* [YOUR OBJECTIVE]
Please return the lines from the one with "澳大利亚奔富麦克斯经典红葡萄酒原瓶进口赤霞珠西拉红酒" through the end of the listing below, word for word, with every picture left out.

* [EXERCISE DATA]
= Beginning of Section =

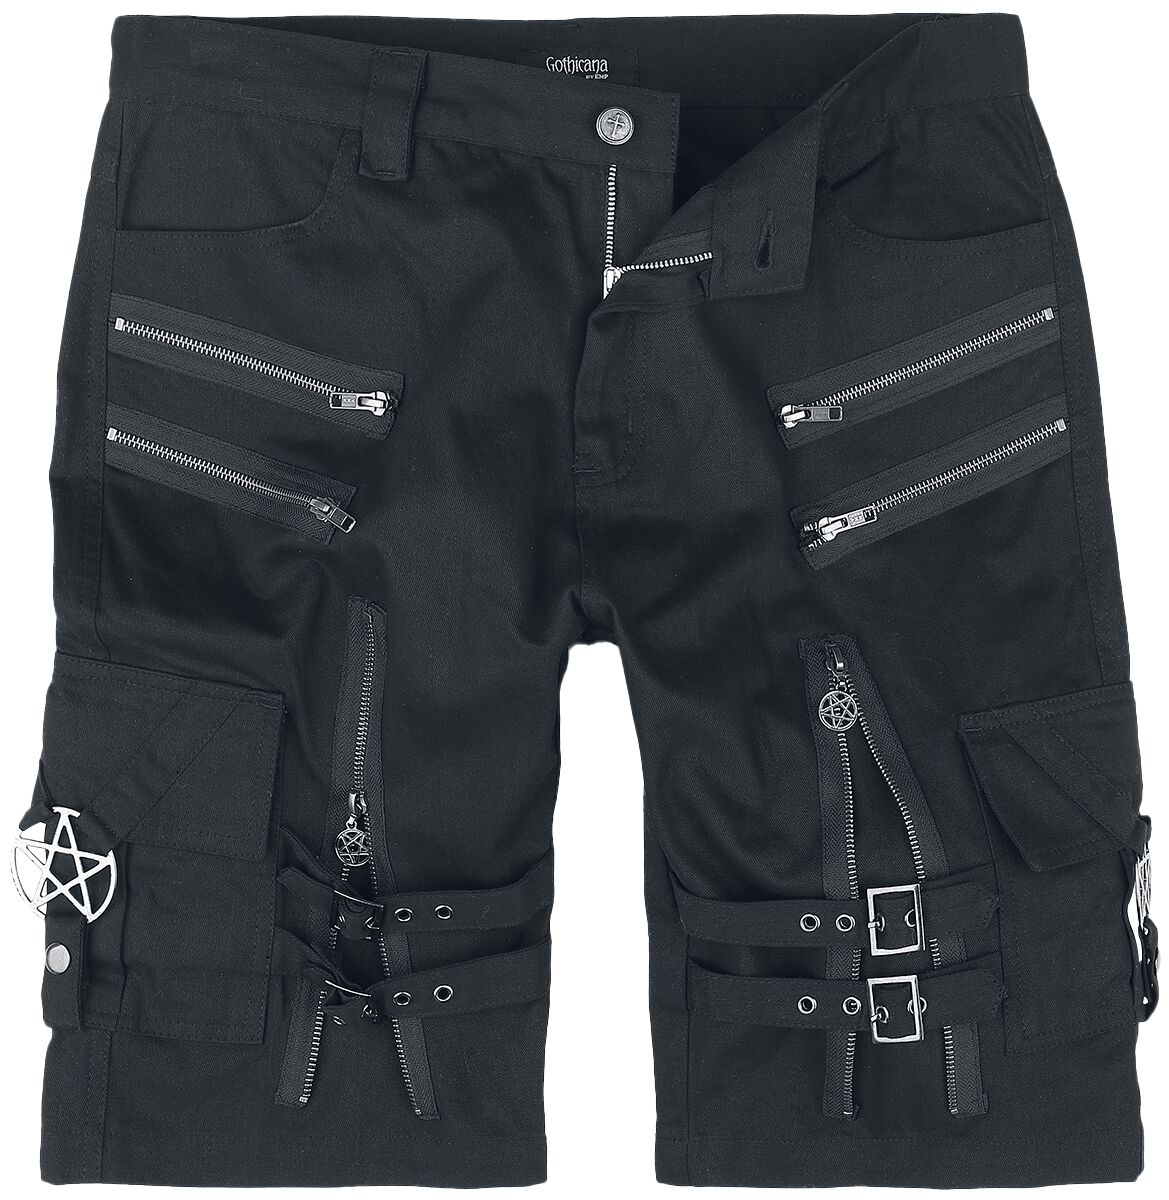 Gothicana by EMP - Gothic Short - Shorts with straps, buckles and zipper - S bis XXL - für Männer - Größe XXL - schwarz
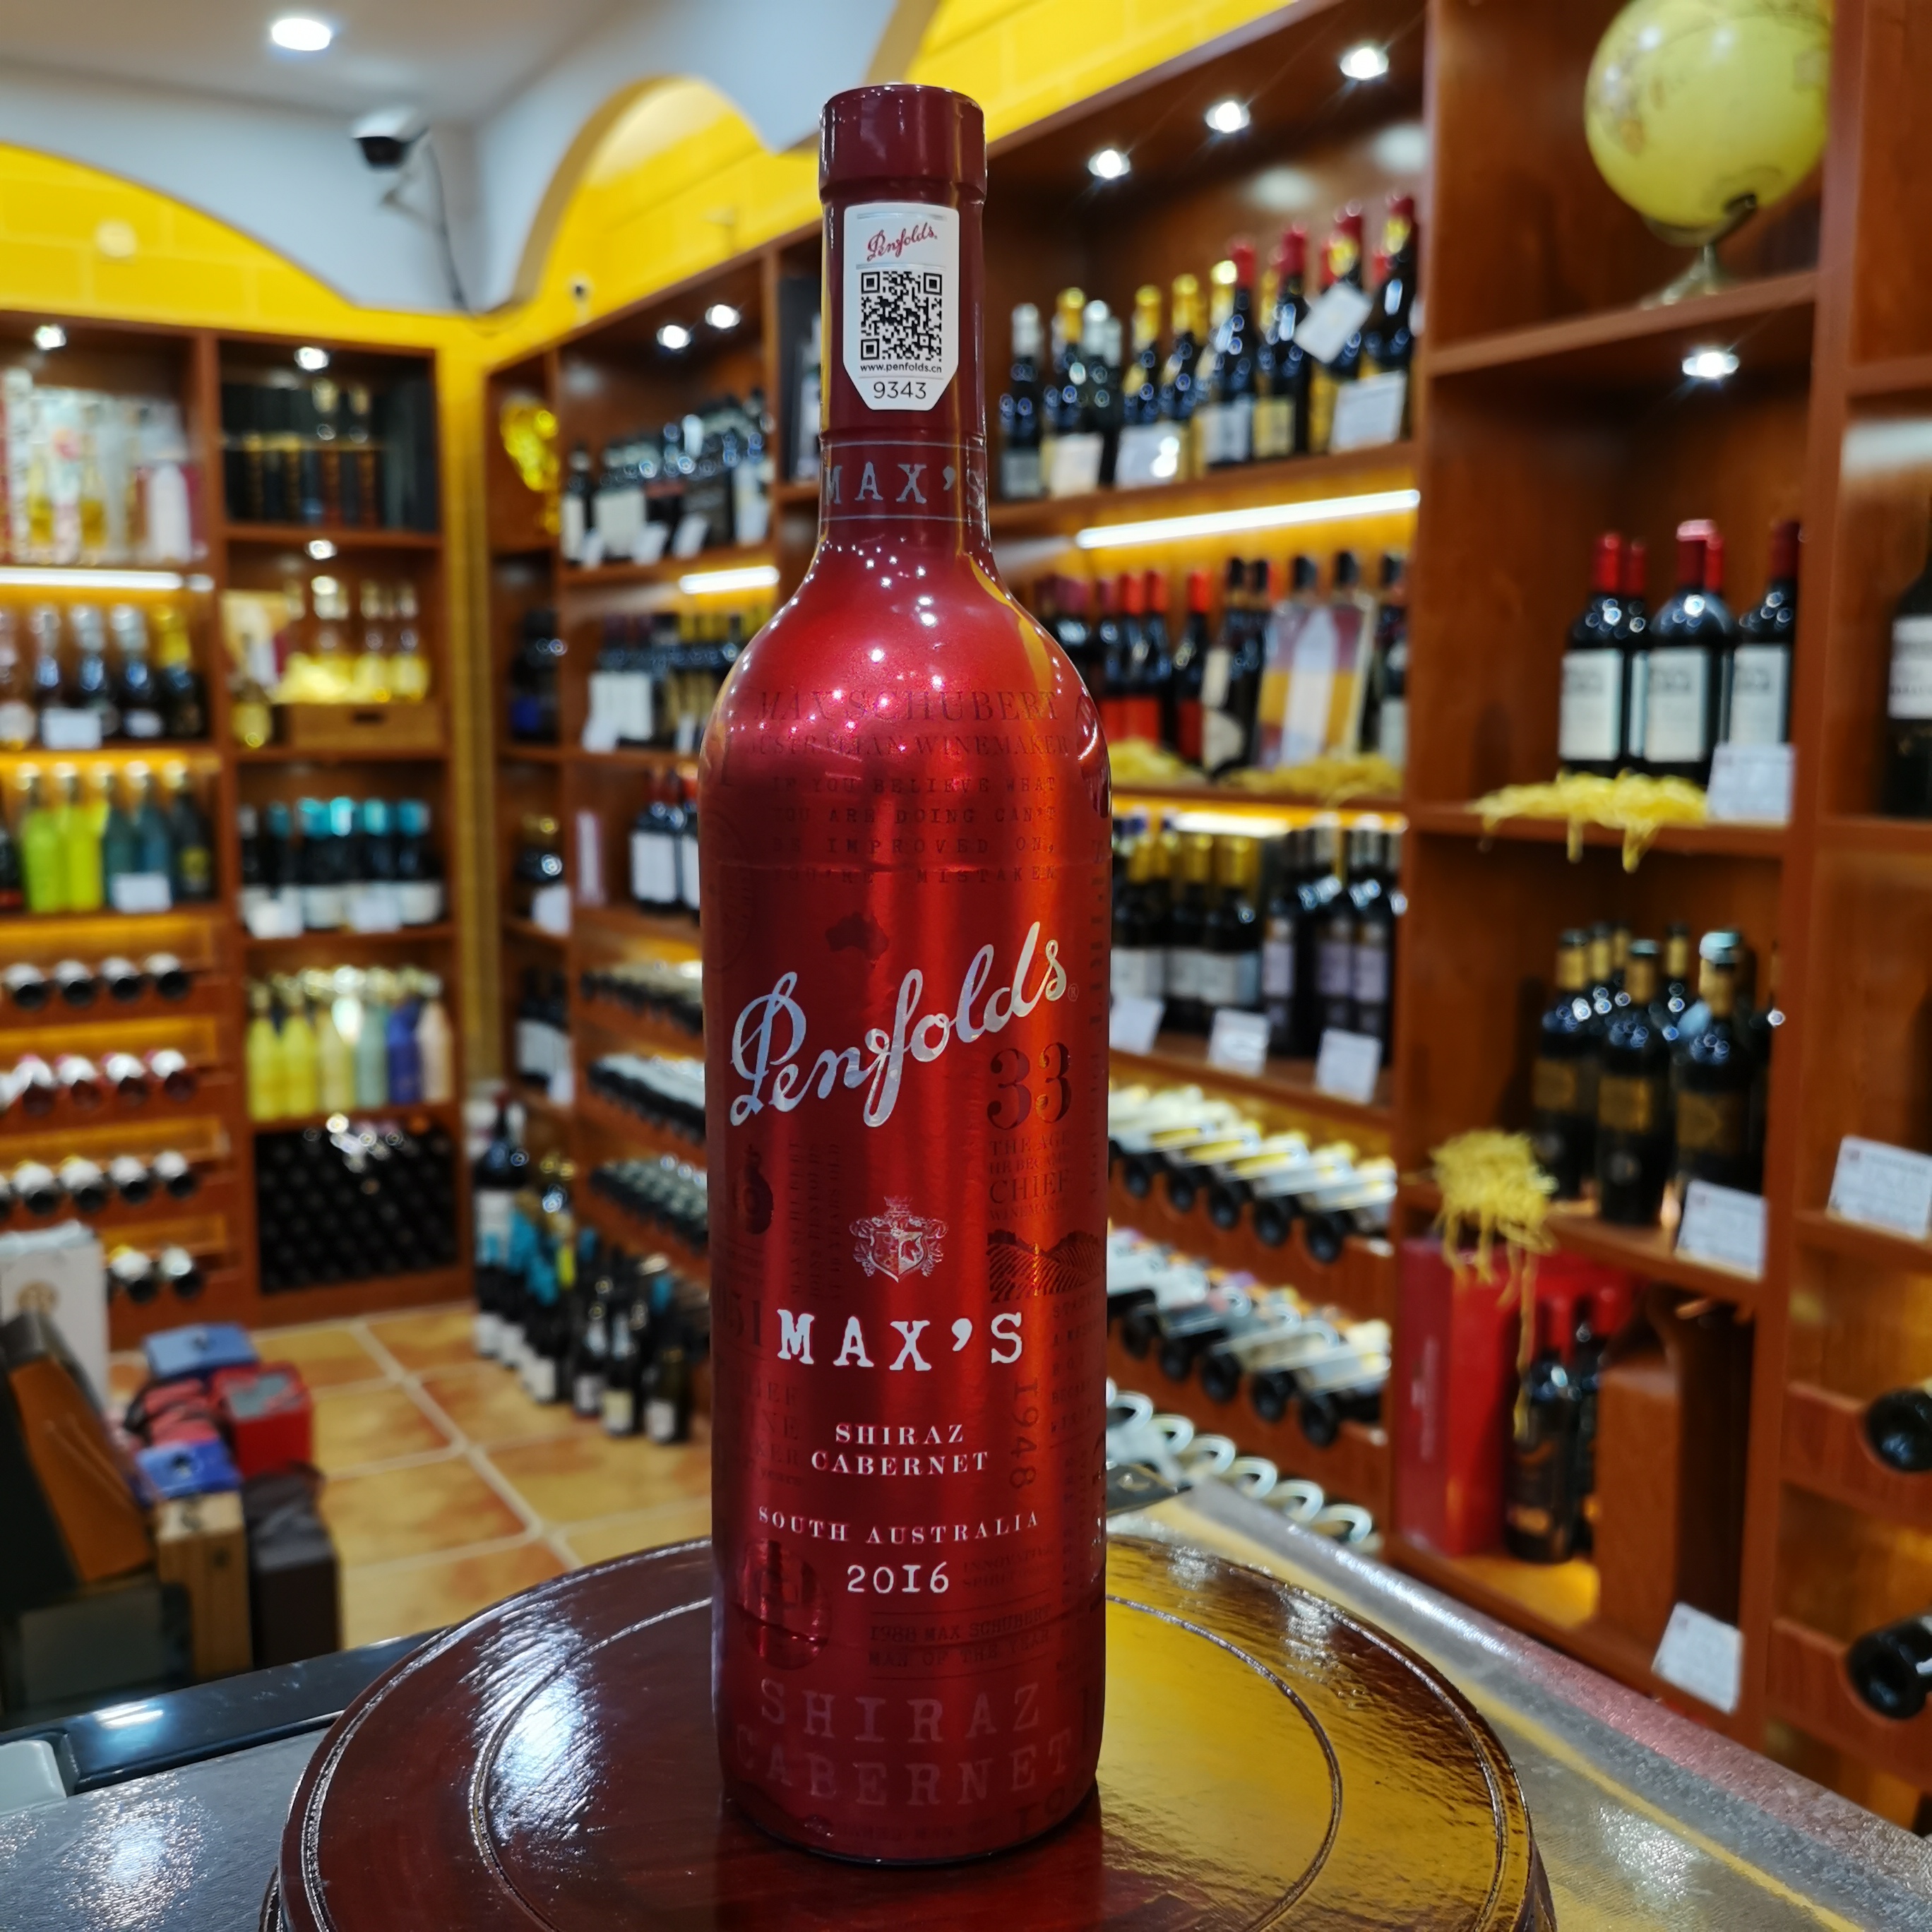 澳大利亚奔富麦克斯经典红葡萄酒原瓶进口赤霞珠西拉红酒
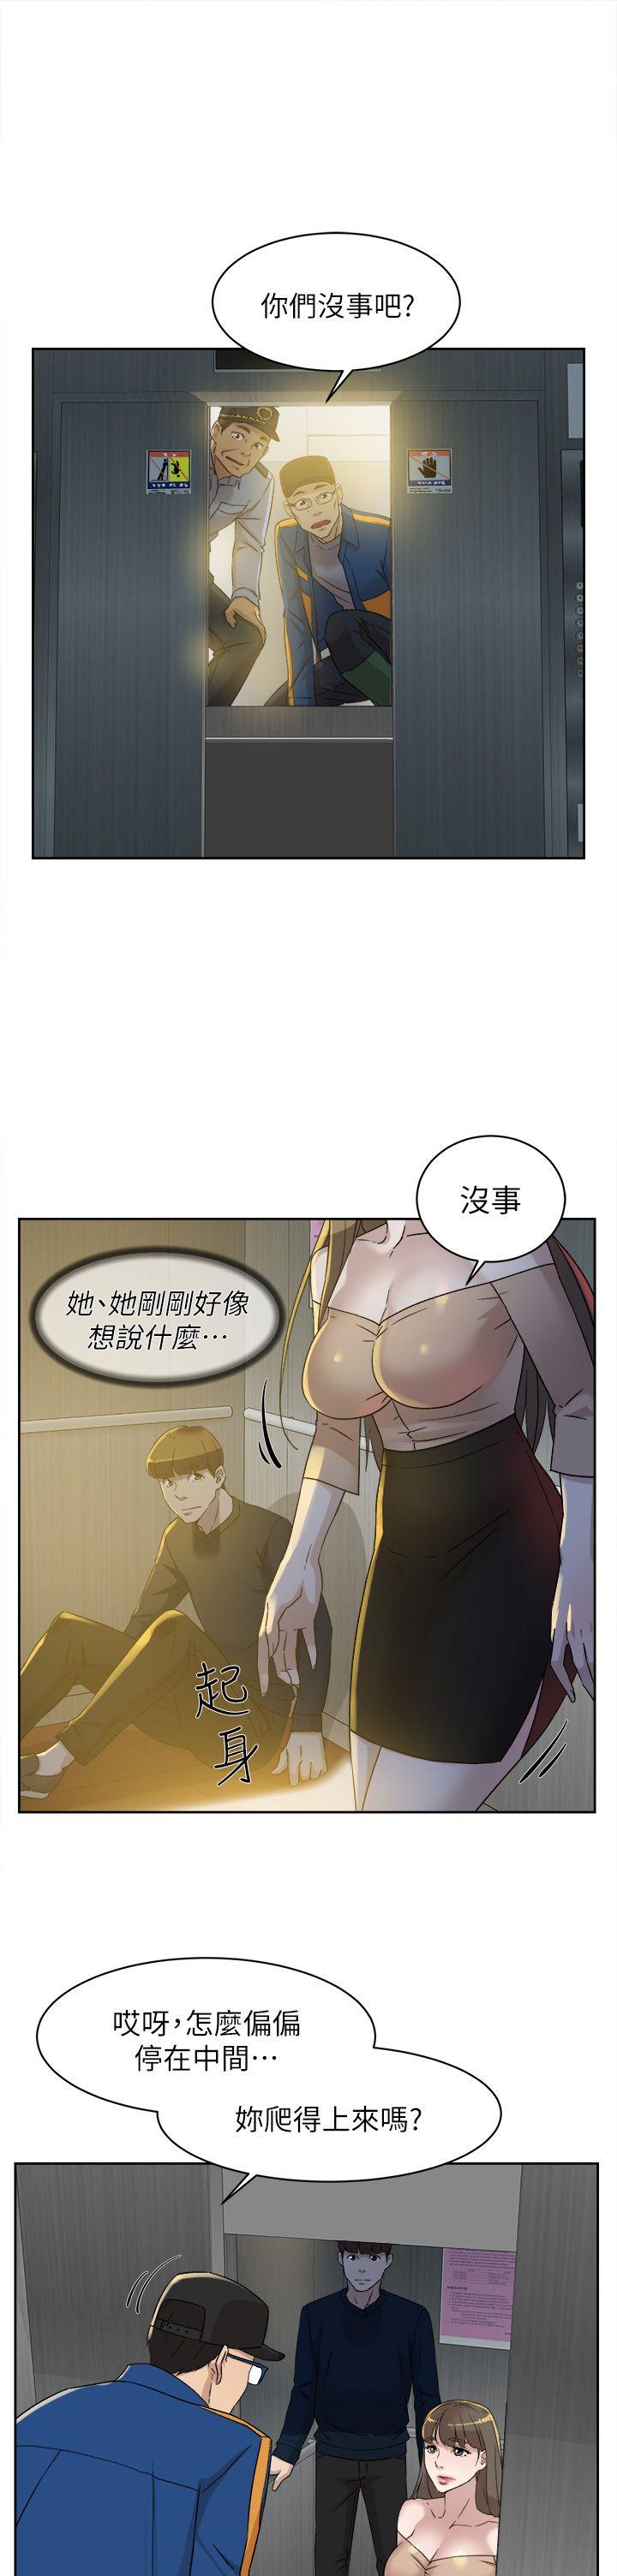 韩国污漫画 她的高跟鞋(無刪減) 第76话-昨晚发生的事 15

= End of Section =

* [ANSWER BOX]
 澳大利亚奔富麦克斯经典红葡萄酒原瓶进口赤霞珠西拉红酒
 韩国污漫画 她的高跟鞋(無刪減) 第76话-昨晚发生的事 15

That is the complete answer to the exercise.